A while back (2007 to be exact, an eternity in Internet years), Google released a product called Google 411. You could call either 1-800-GOOG-411 or 1-877-GOOG-411 and search for businesses by city and state, category, or other criteria. It was a direct competitor to the local expensive 411 services, and it was completely free.
I remember at the time a lot of people I worked with scoffed at Google. It can’t be monetized, they said. Just like people used to say about Google’s 95% blank home page. What could they possibly have to gain from launching a free 411 phone service, obviously at some expense?
The answer is of course data.
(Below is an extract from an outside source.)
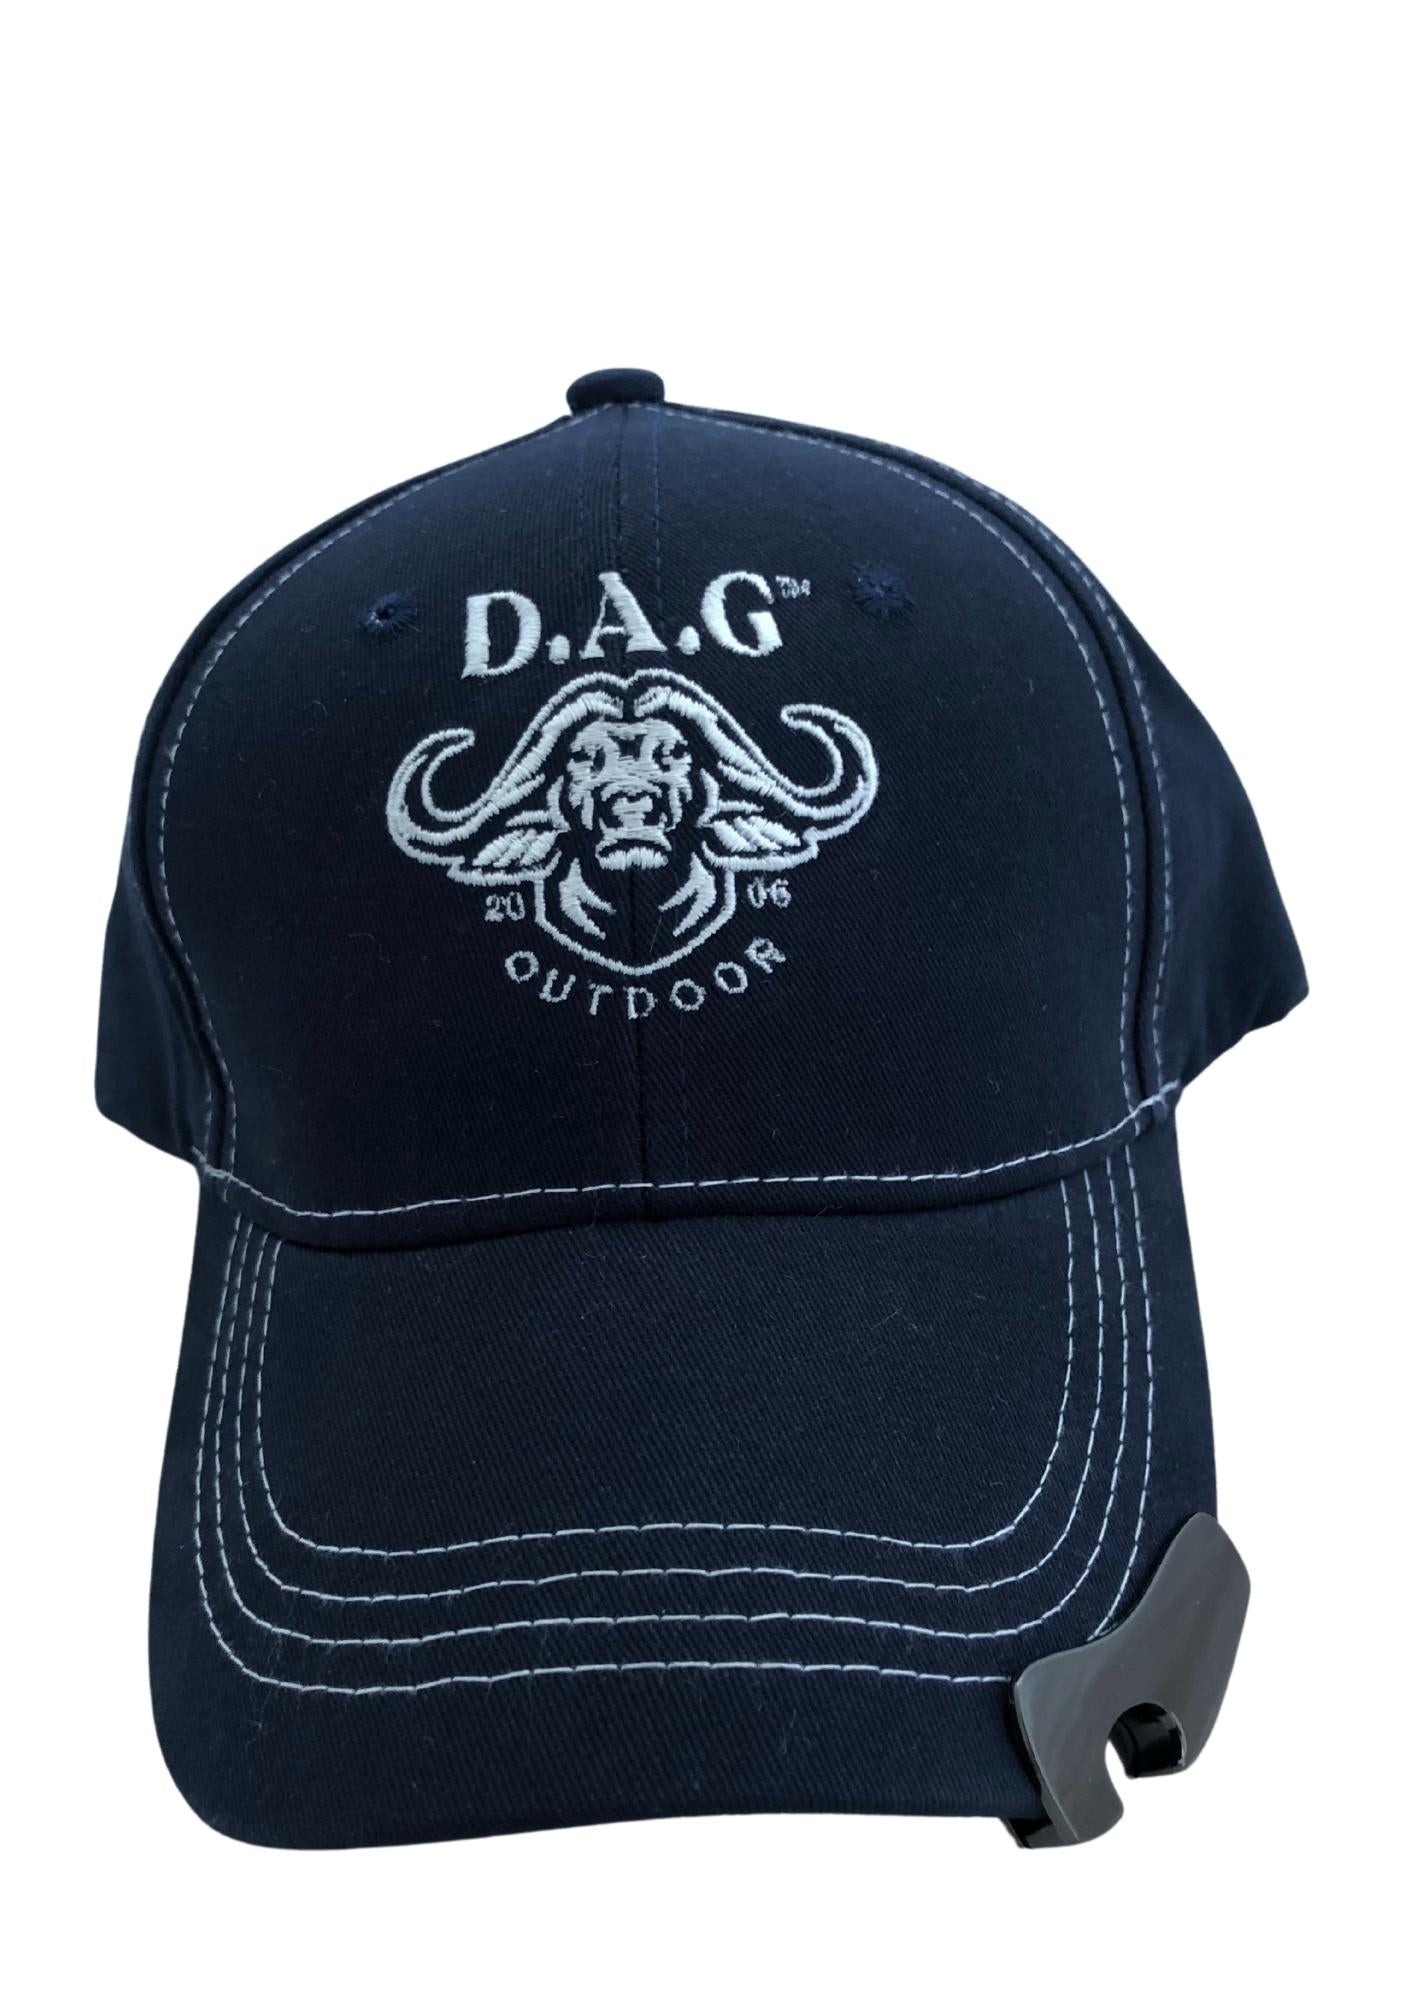 D.A.G | BOTTLE OPENER CAP

Google 411 has been shut down since 2010, but while it was around Google was able to harvest millions of examples of dialects, speech patterns, and vocal nuances. By launching a free service to be used and enjoyed by everyone, they were harvesting valuable data into a phoneme database that would play a key role in audio indexing.
To me, this is a fine example of how big data knows no bounds. For some companies big data isn’t just about the data they feel they may need, but the data they may never need. It’s collecting both the signal and the noise because even the noise is valuable. Even small inconsequential bits of log data could one day save your company as Ben Franklin’s horseshoe-nail saves the kingdom. And you’ll never know unless you collect it.
Think of it this way: every time a log file ages out, or you delete/truncate a table, every time a single bit is wiped away a piece of information is lost. Who knows what that information may have taught us once combined and visualized? Lost information is lost measurement returning whatever details it described to an unknown state. And what is unknown to your data is unknown to your company. Data is corporate memory. Even at the very least, storing and tracking data could help prepare your company for an uncertain future.
So should I just save everything?
Well no, that would be crazy. If you haven’t noticed I get a little overzealous when it comes to the possibilities of mass storage and correlation of data. But that’s on a futuristic and unrealistic level. At the corporate level storing every single bit of user, server, network, customer, and business data and retaining it ad infinitum could easily number in the exabytes.
It’s called Big Data, not Biggest Data. What is big data to your company might be peanuts to someone else (like Google and their phonobase). If you decide a foray into big data is worth it to your company and if you can assemble the team, the tools, and the information necessary to get it going the decisions on how far you take it are up to you. You get to pick what to keep and what to discard, how long to keep it, and what you hope to learn from it. If you’re not getting the results you hoped for then you can broaden your horizons or hunker down and keep storing data.
With the awesome compute power of software/hardware like Hadoop, Hive, HBase, MongoDB, Exadata, Teradata, Netezza, GreenPlum, etc, and the ‘resurgence’ of data visualization and statistical computing through commercialization the beauty of Big Data is that it can be as small or big as you want it to be.